6.2.2 Anticipated size and duration

Estimation of anticipated registry size is an important part of the planning process. Some registries try to include all cases from the defined population, but often registries include only a sample of a population. In that case it is recommended to prematurely estimate how many cases the registry is planning to include. If the registry is too small, it may have insufficient analytical power, and it may not ensure adequate exploration of the objectives. On the other hand, a registry that is too large may waste time, resources and money. Hence, it is important to adequately plan the registry’s size. Various components impact on estimating registry size and need to be considered, including [1][5]:

  • the study outcome and its frequency/variability
  • size of clinically important effects, the desired precision of estimates (e.g. the width of a confidence interval);
  • timeframe (e.g. for analyses, dissemination of results);
  • available resources and money, feasibility;
  • support for regulatory decision-making (e.g. if registry is intended to support regulatory decision-making, the precision of the estimate is important);
  • anticipated drop-out rate

Many methods for sample size calculation exist and are described in general statistics textbooks [6][7][8]. There are also different tools that can assist in sample size calculation. Besides software programs (e.g. G*Power, nQuery Advisor, PASS, STATA) there are also online tools that allow free sample size calculations, such as:

These tools should be used with caution, since they are not always reliable or suitable for any situation.

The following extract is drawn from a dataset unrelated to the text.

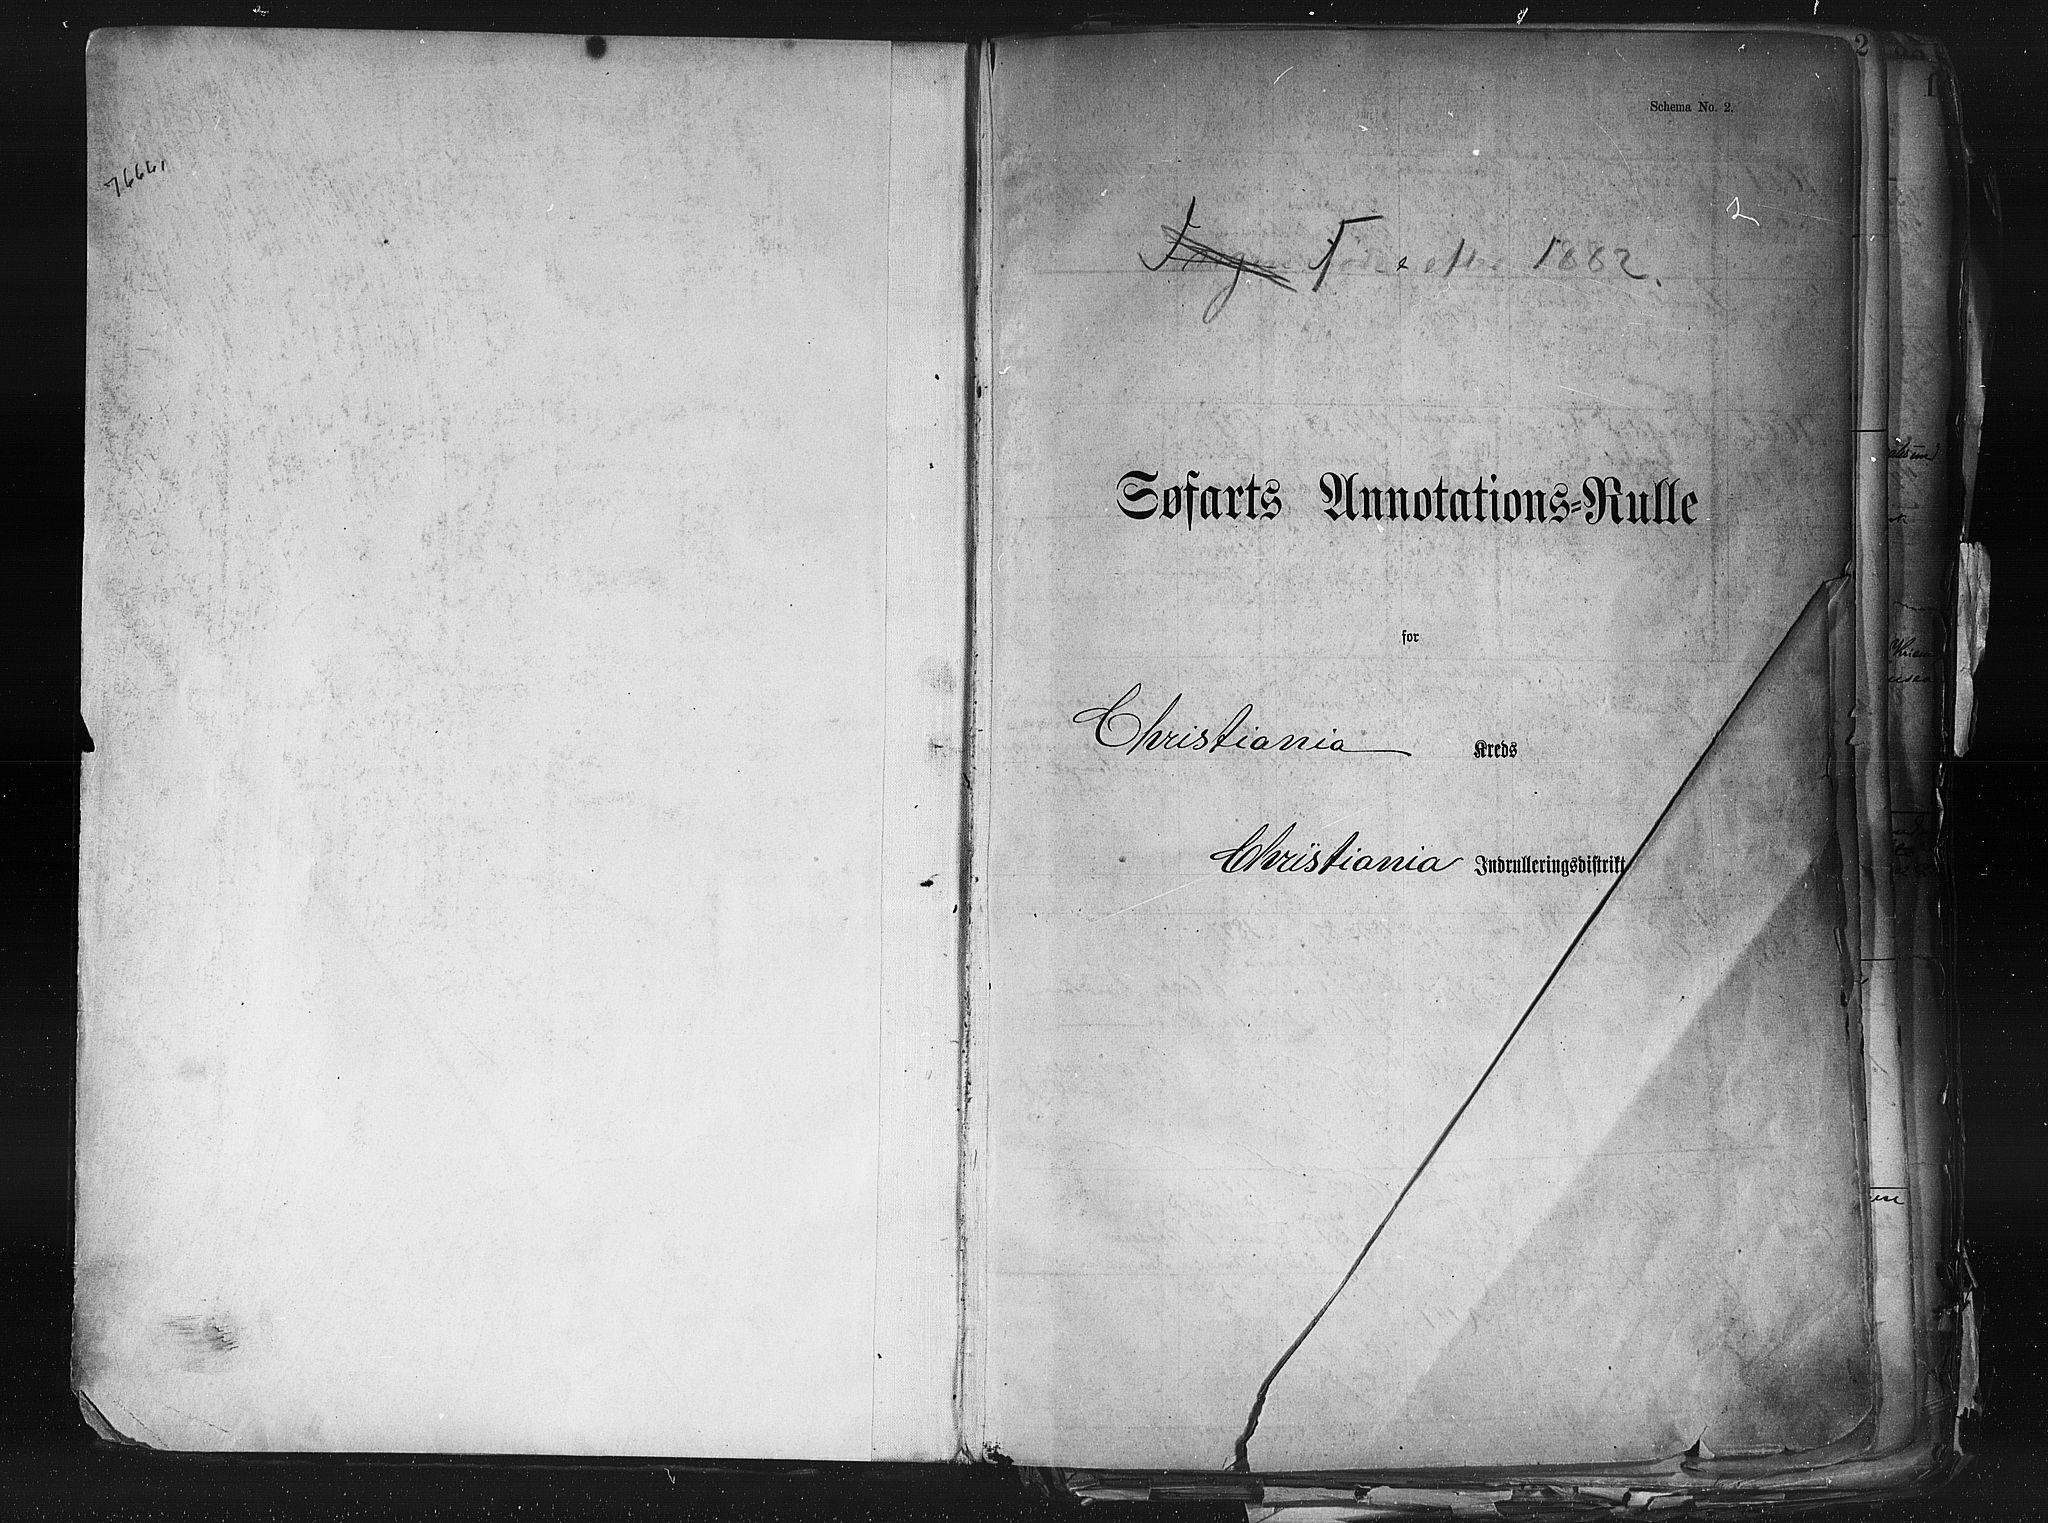 SAO, Oslo mønstringskontor, F/Fc/Fca/L0004: Annotasjonsrulle, 1897-1908, s. upaginert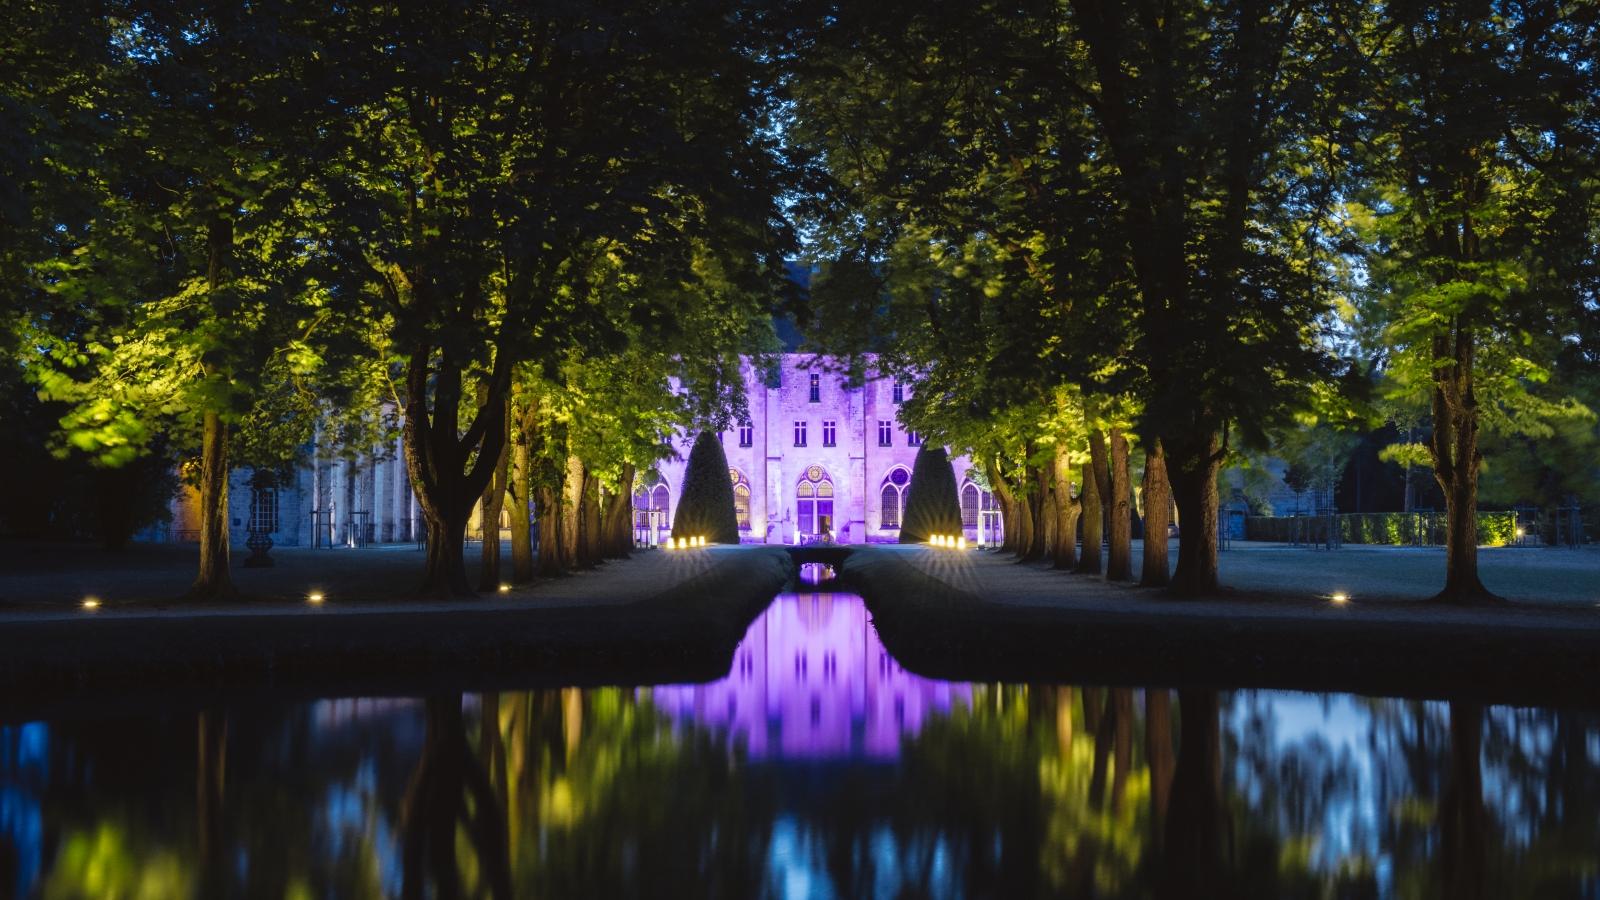 Photo du parc de Royaumont de nuit avec jeux de lumières sur la façade du monument et reflet de la vue dans l'eau.

Although a patient registry is generally considered as a long-term and sustainable action, the anticipated duration of a registry (taking into account the enrolment and follow-up phase) should also be specified when developing a registry. The duration of a registry depends on what type of registry it is, what the specific procedures in the registry are, and what objectives need to be met. Some registries collect data at only one time point while others collect data for the lifetime of the patient. A registry may be open-ended or it may have a fixed end point when enough data to achieve the registry’s objectives is expected to have accrued [9]. If we neglect the funding as the biggest factor for registry duration and sustainability, the factors that the registry holder, together with the key stakeholders, should consider when estimating registry duration, include the induction period for desired outcomes, sufficient follow-up time for the exposure, data collection method; sample size, complexity of data being collected, anticipated accrual of enrolled subjects, and deadlines for dissemination of results [1][2].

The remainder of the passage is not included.